Task instructions> Nothing but the lines from the one containing "Nilai Tukar Petani" through the last line of the data below should be returned, each exactly as it stands, pictures excluded.

Supplied information>

━━━━━━━━━━━━━━━━

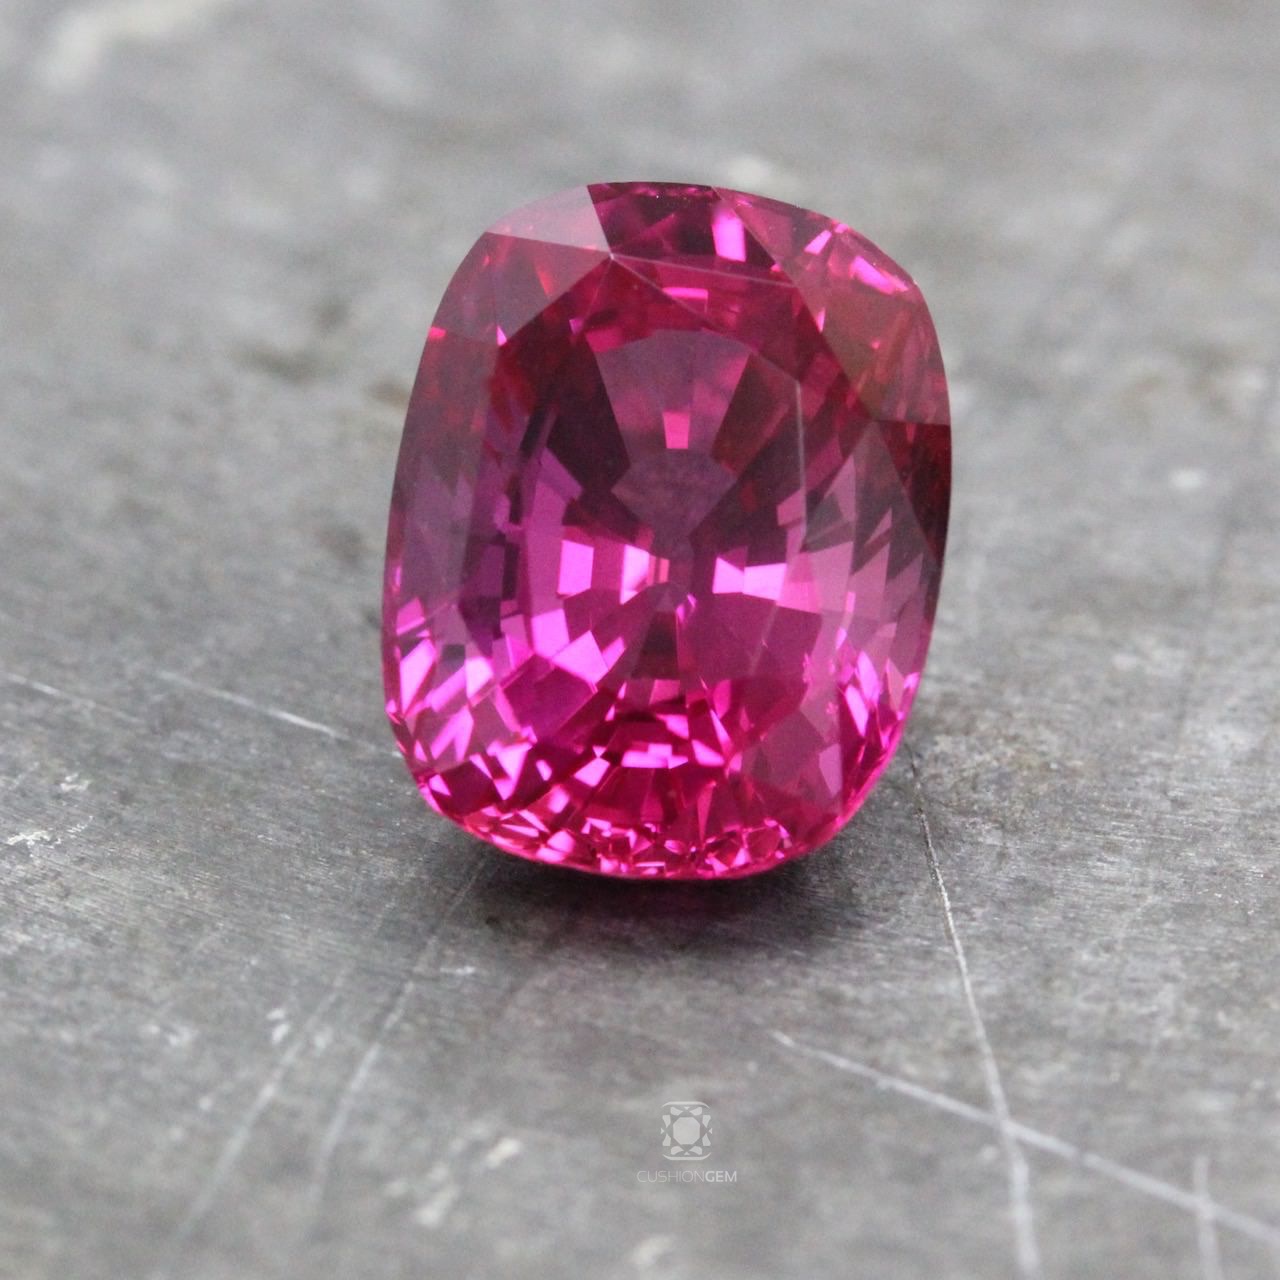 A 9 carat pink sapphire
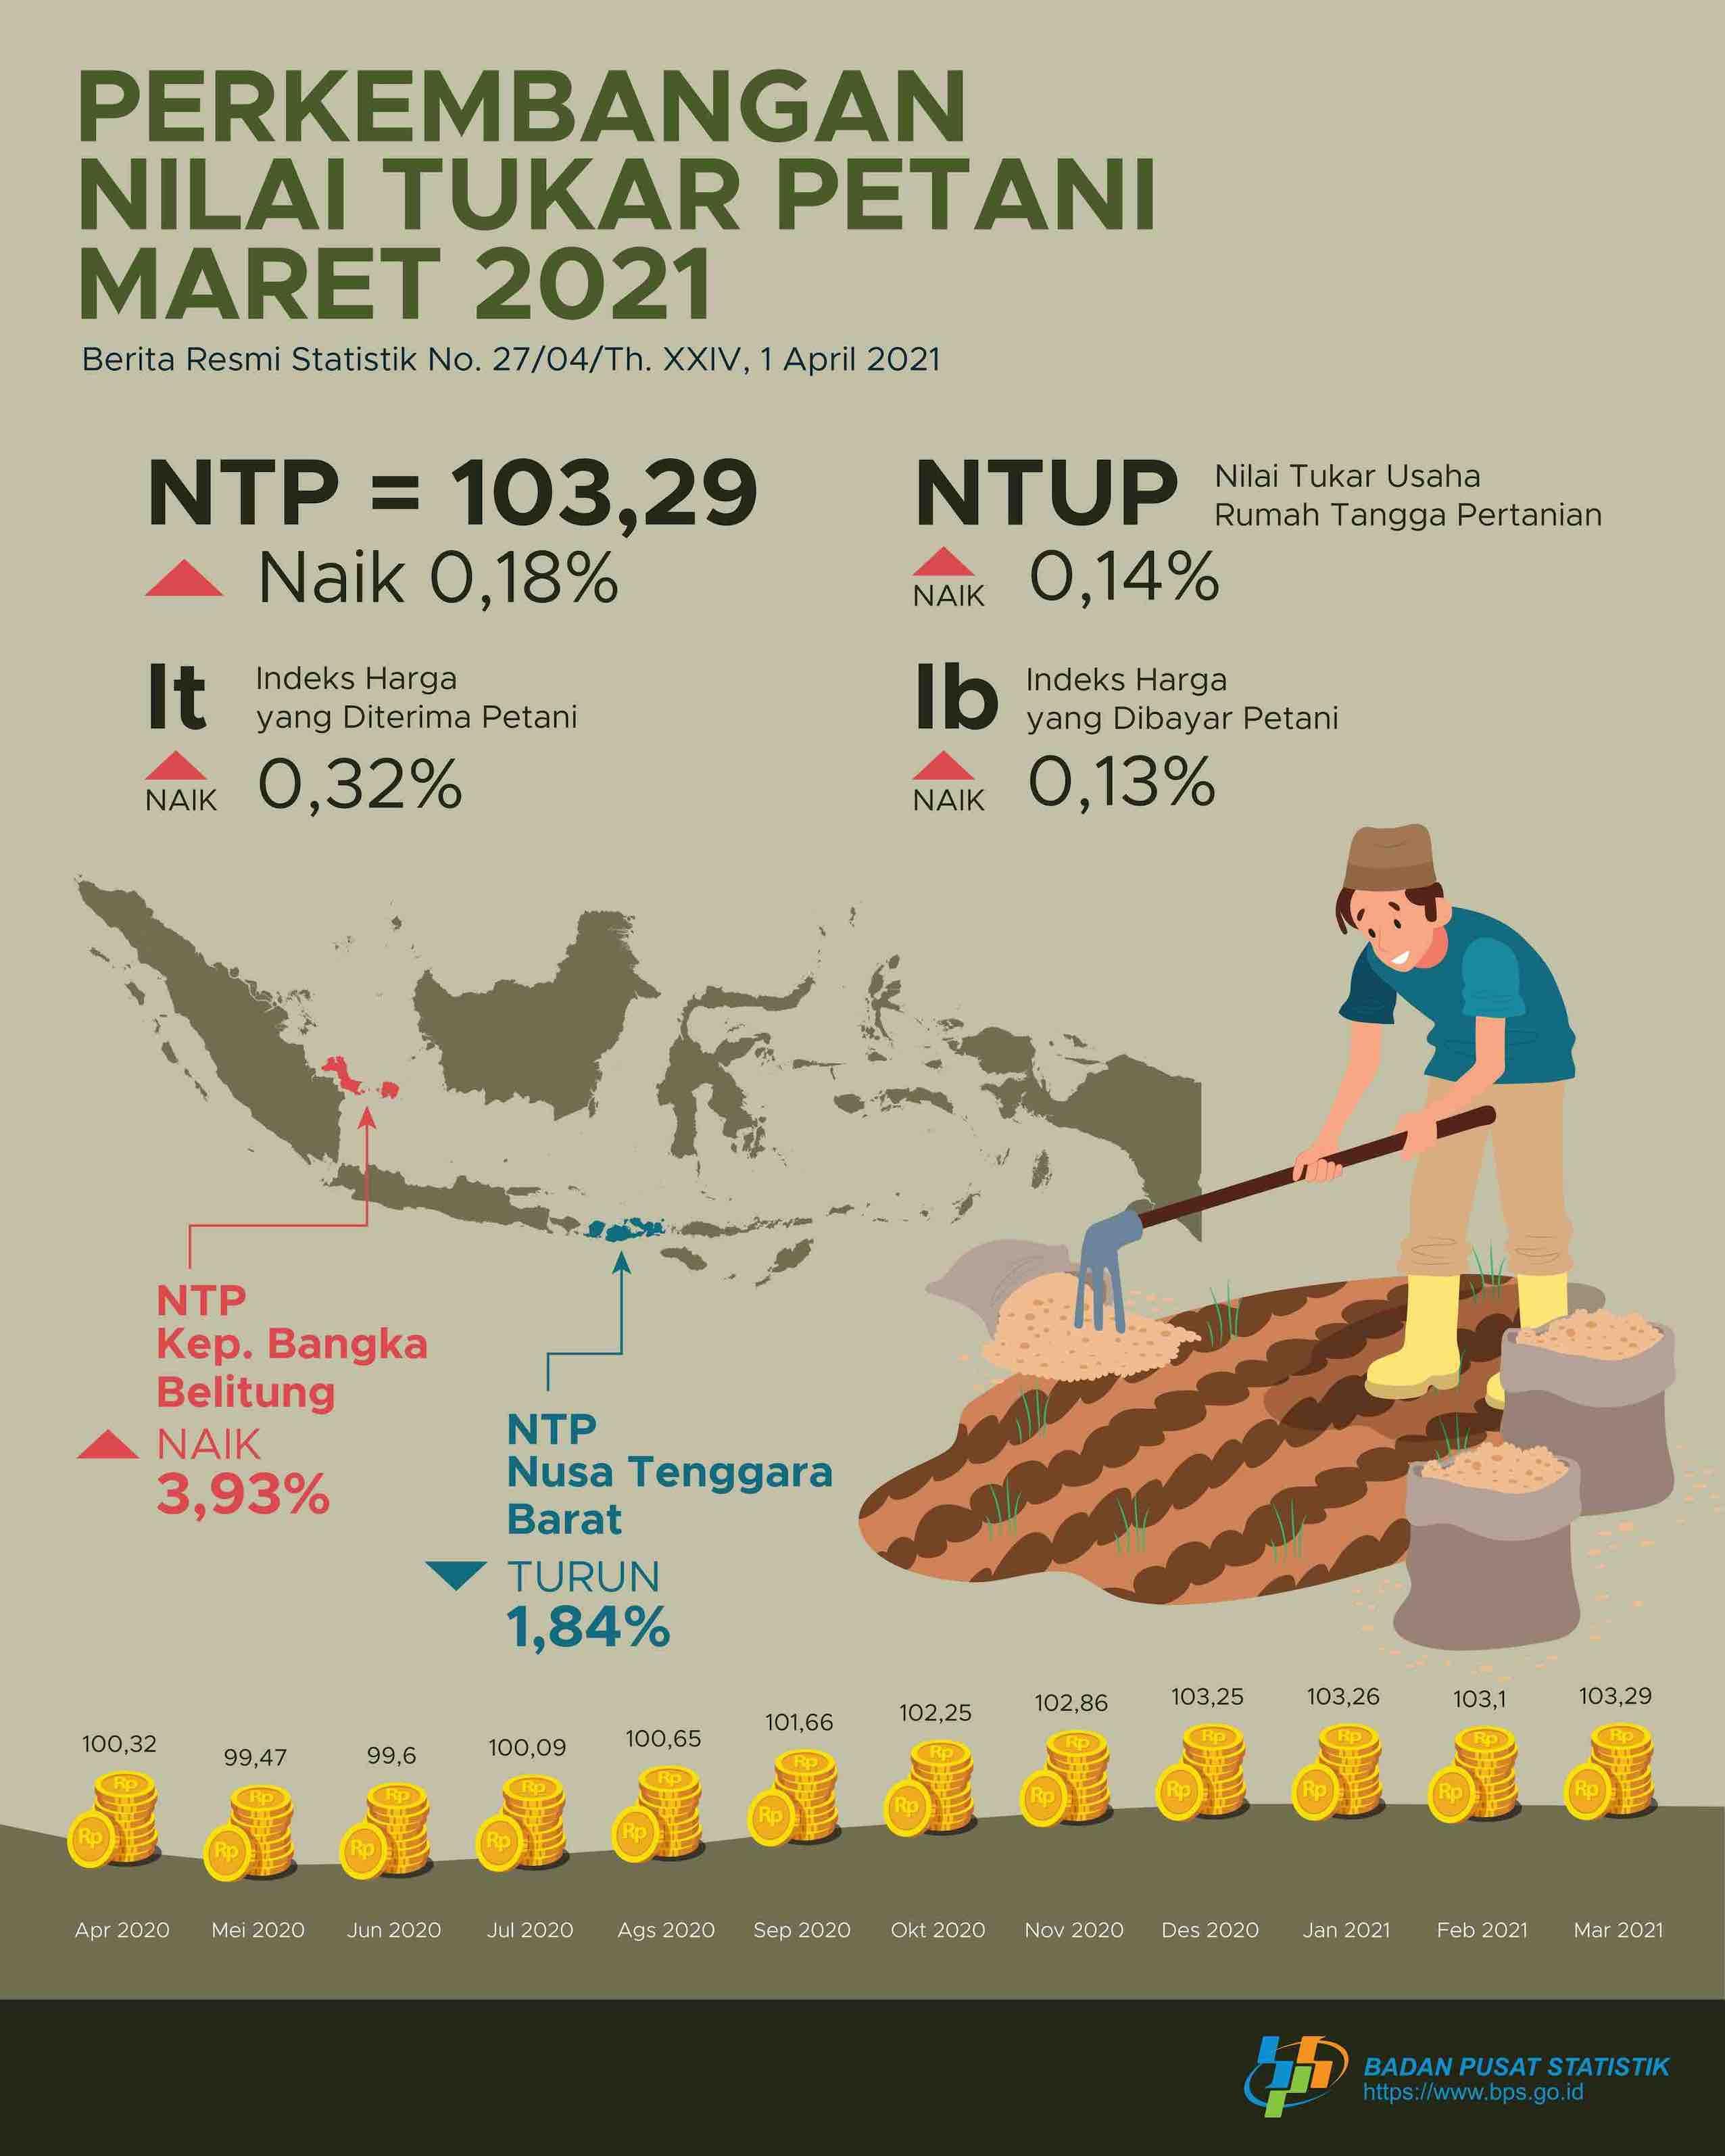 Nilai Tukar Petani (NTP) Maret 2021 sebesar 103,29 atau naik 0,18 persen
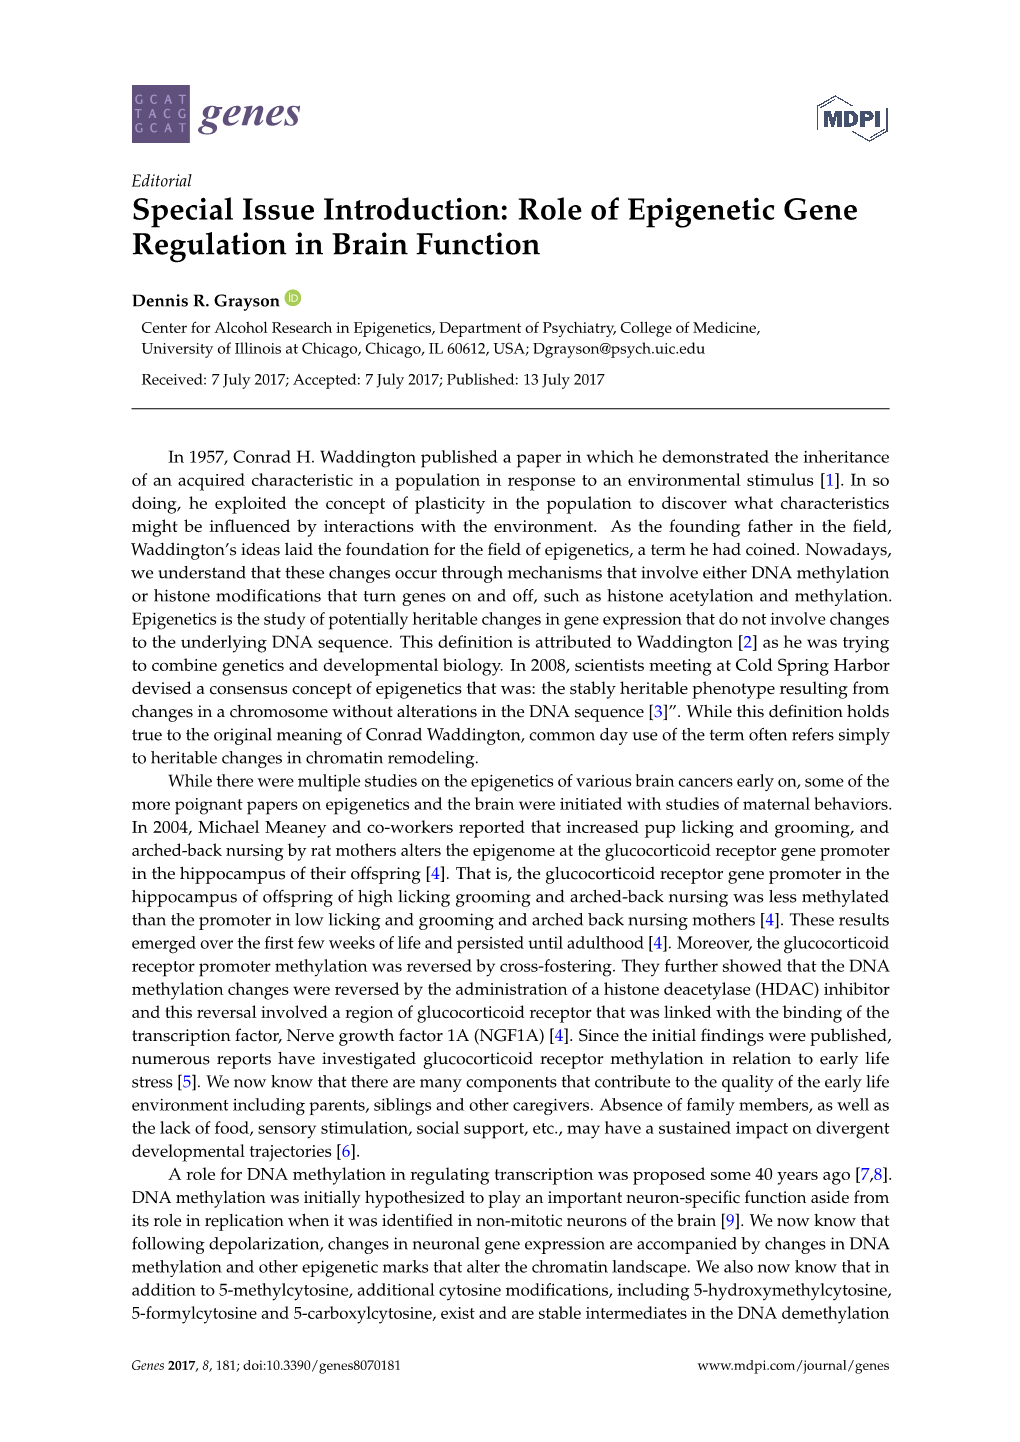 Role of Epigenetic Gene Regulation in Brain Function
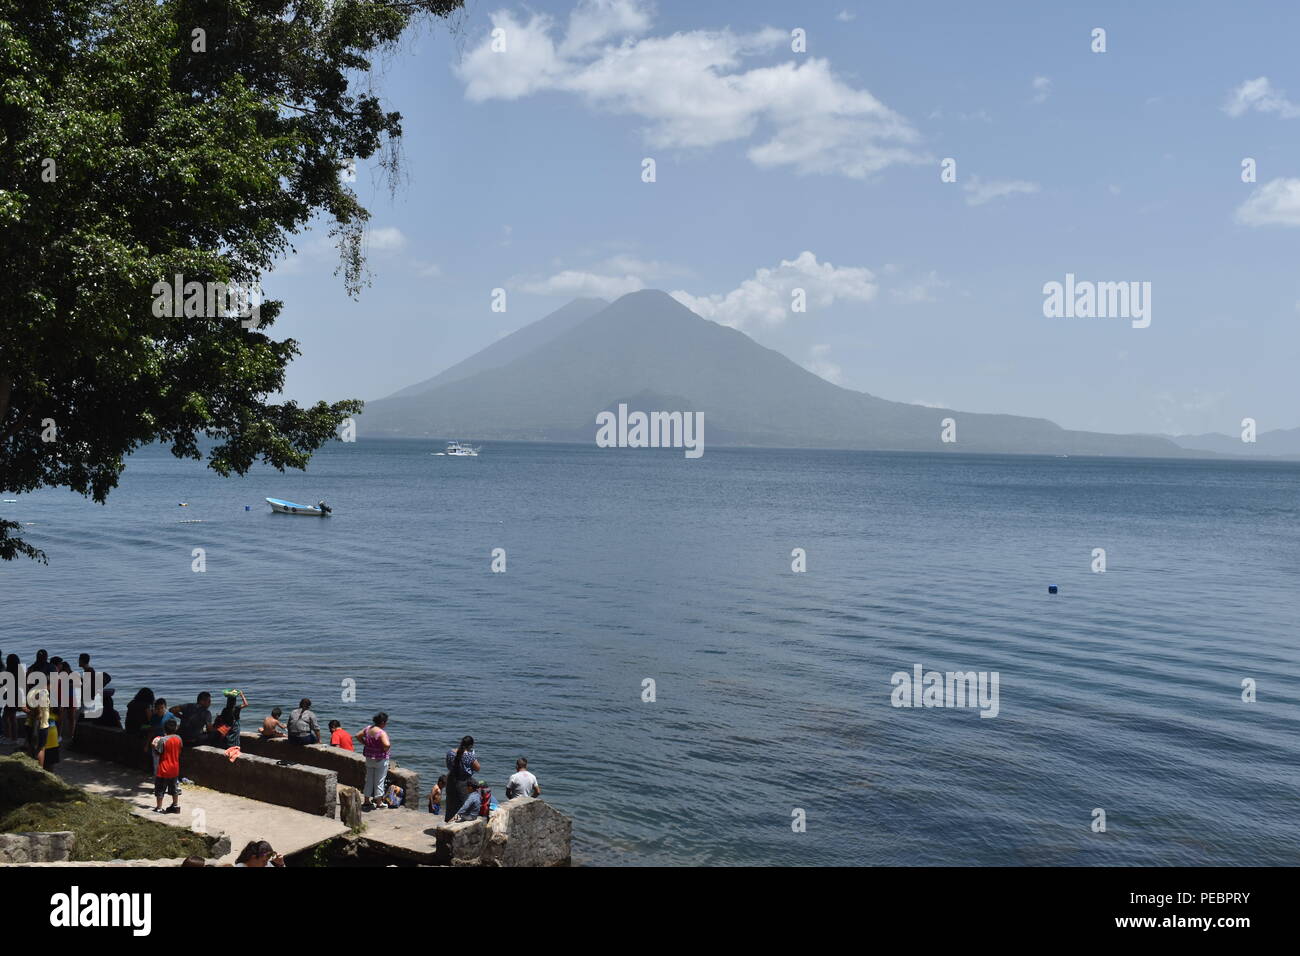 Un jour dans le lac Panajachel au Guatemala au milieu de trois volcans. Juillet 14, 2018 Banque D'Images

━━━━━━━━━━━━━━━━

Result>
 Nilai Tukar Petani (NTP) Maret 2021 sebesar 103,29 atau naik 0,18 persen
 Role of Epigenetic Gene Regulation in Brain Function
 Un jour dans le lac Panajachel au Guatemala au milieu de trois volcans. Juillet 14, 2018 Banque D'Images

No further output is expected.